How to build a custom question-answering head?

Using the TFBertForQuestionAnswering.from_pretrained() function, we get a predefined head on top of BERT together with a loss function that are suitable for this task.

My question is how to create a custom head without relying on TFAutoModelForQuestionAnswering.from_pretrained().

I want to do this because there is no place where the architecture of the head is explained clearly. By reading the code here we can see the architecture they are using, but I can’t be sure I understand their code 100%.

Starting from machine learning - How to Fine-tune HuggingFace BERT model for Text Classification - Stack Overflow is good. However, it covers only the classification task, which is much simpler.

'start_positions' and 'end_positions' are created following this tutorial.

So far, I’ve got the following:

train_dataset
# Dataset({
#     features: ['input_ids', 'token_type_ids', 'attention_mask', 'start_positions', 'end_positions'],
#     num_rows: 99205
# })
train_dataset.set_format(type='tensorflow', columns=['input_ids', 'token_type_ids', 'attention_mask'])
features = {x: train_dataset[x] for x in ['input_ids', 'token_type_ids', 'attention_mask']}
labels = [train_dataset[x] for x in ['start_positions', 'end_positions']]
labels = np.array(labels).T
tfdataset = tf.data.Dataset.from_tensor_slices((features, labels)).batch(16)

input_ids = tf.keras.layers.Input(shape=(256,), dtype=tf.int32, name='input_ids')
token_type_ids = tf.keras.layers.Input(shape=(256,), dtype=tf.int32, name='token_type_ids')
attention_mask = tf.keras.layers.Input((256,), dtype=tf.int32, name='attention_mask')


bert = TFAutoModel.from_pretrained("bert-base-multilingual-cased")
output = bert([input_ids, token_type_ids, attention_mask]).last_hidden_state
output = tf.keras.layers.Dense(2, name="qa_outputs")(output)
model = tf.keras.models.Model(inputs=[input_ids, token_type_ids, attention_mask], outputs=output)


num_train_epochs = 3
num_train_steps = len(tfdataset) * num_train_epochs
optimizer, schedule = create_optimizer(
   init_lr=2e-5,
   num_warmup_steps=0,
   num_train_steps=num_train_steps,
   weight_decay_rate=0.01
)

def qa_loss(labels, logits):
    loss_fn = tf.keras.losses.SparseCategoricalCrossentropy(
        from_logits=True, reduction=tf.keras.losses.Reduction.NONE
    )
    start_loss = loss_fn(labels[0], logits[0])
    end_loss = loss_fn(labels[1], logits[1])
    return (start_loss + end_loss) / 2.0


model.compile(
    loss=loss_fn,
    optimizer=optimizer
)

model.fit(tfdataset, epochs=num_train_epochs)

And I am getting the following error:

ValueError: `labels.shape` must equal `logits.shape` except for the last dimension. Received: labels.shape=(2,) and logits.shape=(256, 2)

It is complaining about the shape of the labels. This should not happen since I am using SparseCategoricalCrossentropy loss.

1 Like

Hello :wave:

For :hugs: transformers models it’s best to use model’s built-in loss. For more native Keras implementation and explanation on why it should be that way, you can check out this tutorial. You can just call compile without a loss.

As a convenience, all :hugs: Transformers models come with a default loss which matches their output head, although you’re of course free to use your own.
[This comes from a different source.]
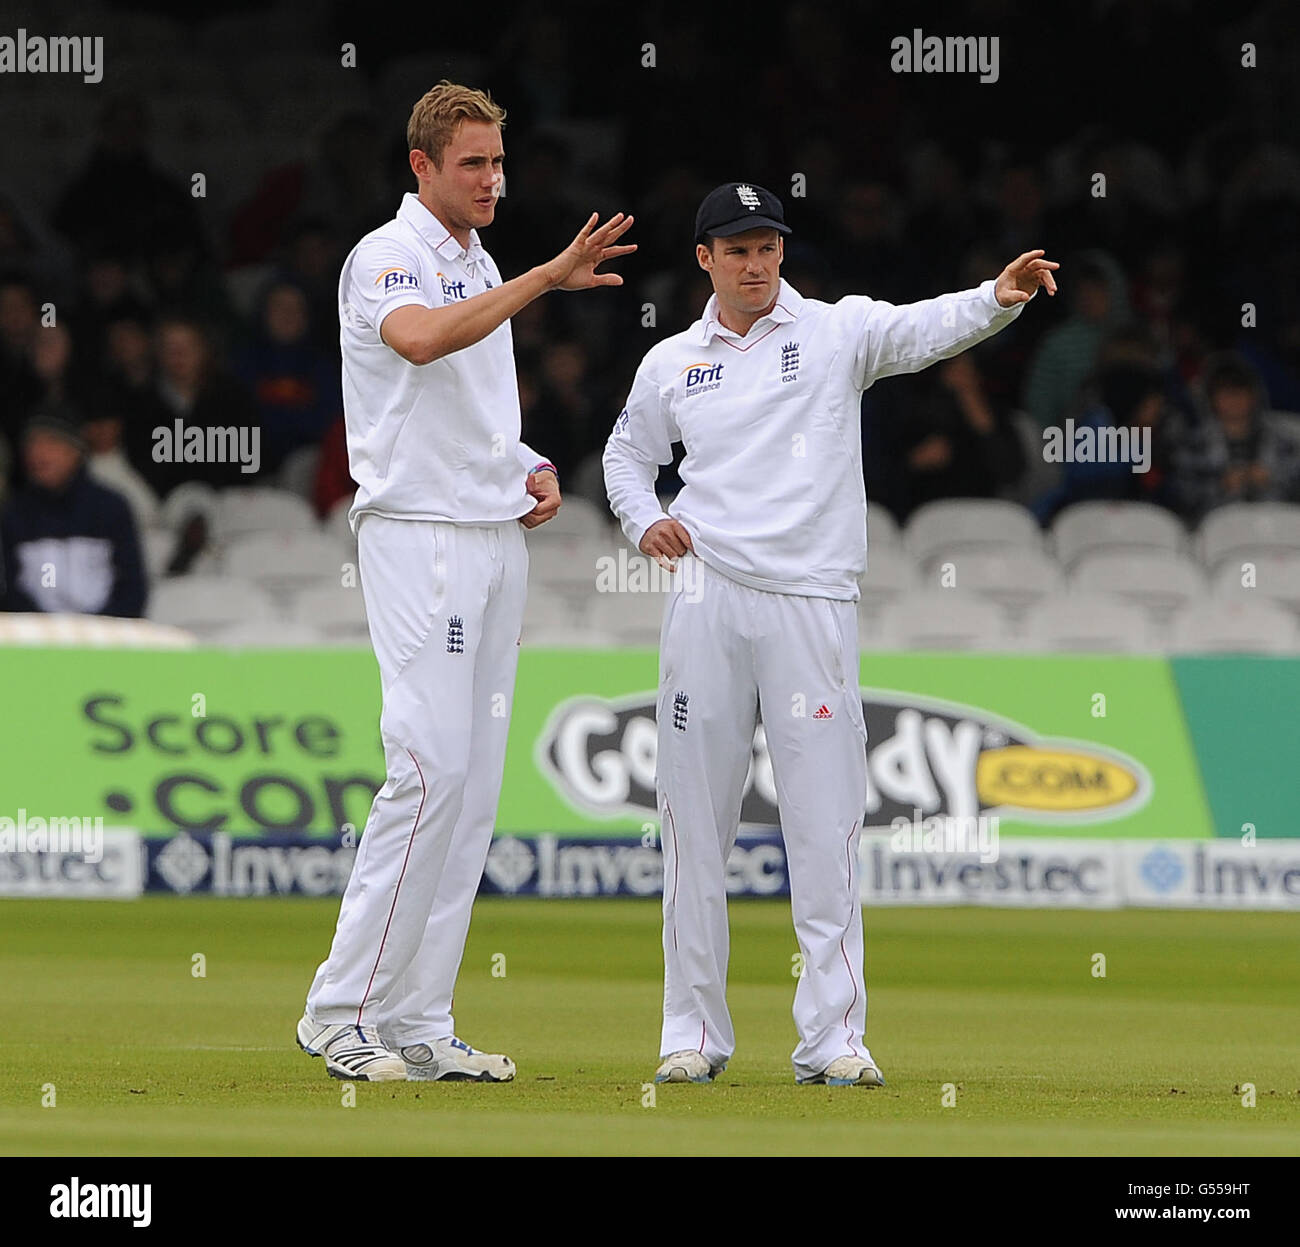 Cricket - 2012 Investec Test Series - England v West Indies - First Test - Day Four - Lord's Cricket Ground. England's Stuart Broad (left) discusses field placings against the West Indies with Captain Andrew Strauss. Stock Photo

Because the built-in loss is computed internally during the forward pass, when using it you may find that some Keras metrics misbehave or give unexpected outputs.

1 Like

Thank you for your reply Merve.
I saw that article before and I understand that it is more convenient to use the built-in things like the loss and question answering head. However, I am trying to write my undergraduate thesis about this topic, so it is important to be clear about what is happening under the hood.

For future reference, I actually found a solution, which is just editing the TFBertForQuestionAnswering class itself!

For example, I added an additional layer in the following code and trained the model as usual and it worked :slight_smile:

from transformers import TFBertPreTrainedModel
from transformers import TFBertMainLayer
from transformers.modeling_tf_utils import TFQuestionAnsweringLoss, get_initializer, input_processing
from transformers.modeling_tf_outputs import TFQuestionAnsweringModelOutput 
from transformers import BertConfig

class MY_TFBertForQuestionAnswering(TFBertPreTrainedModel, TFQuestionAnsweringLoss):
    # names with a '.' represents the authorized unexpected/missing layers when a TF model is loaded from a PT model
    _keys_to_ignore_on_load_unexpected = [
        r"pooler",
        r"mlm___cls",
        r"nsp___cls",
        r"cls.predictions",
        r"cls.seq_relationship",
    ]

    def __init__(self, config: BertConfig, *inputs, **kwargs):
        super().__init__(config, *inputs, **kwargs)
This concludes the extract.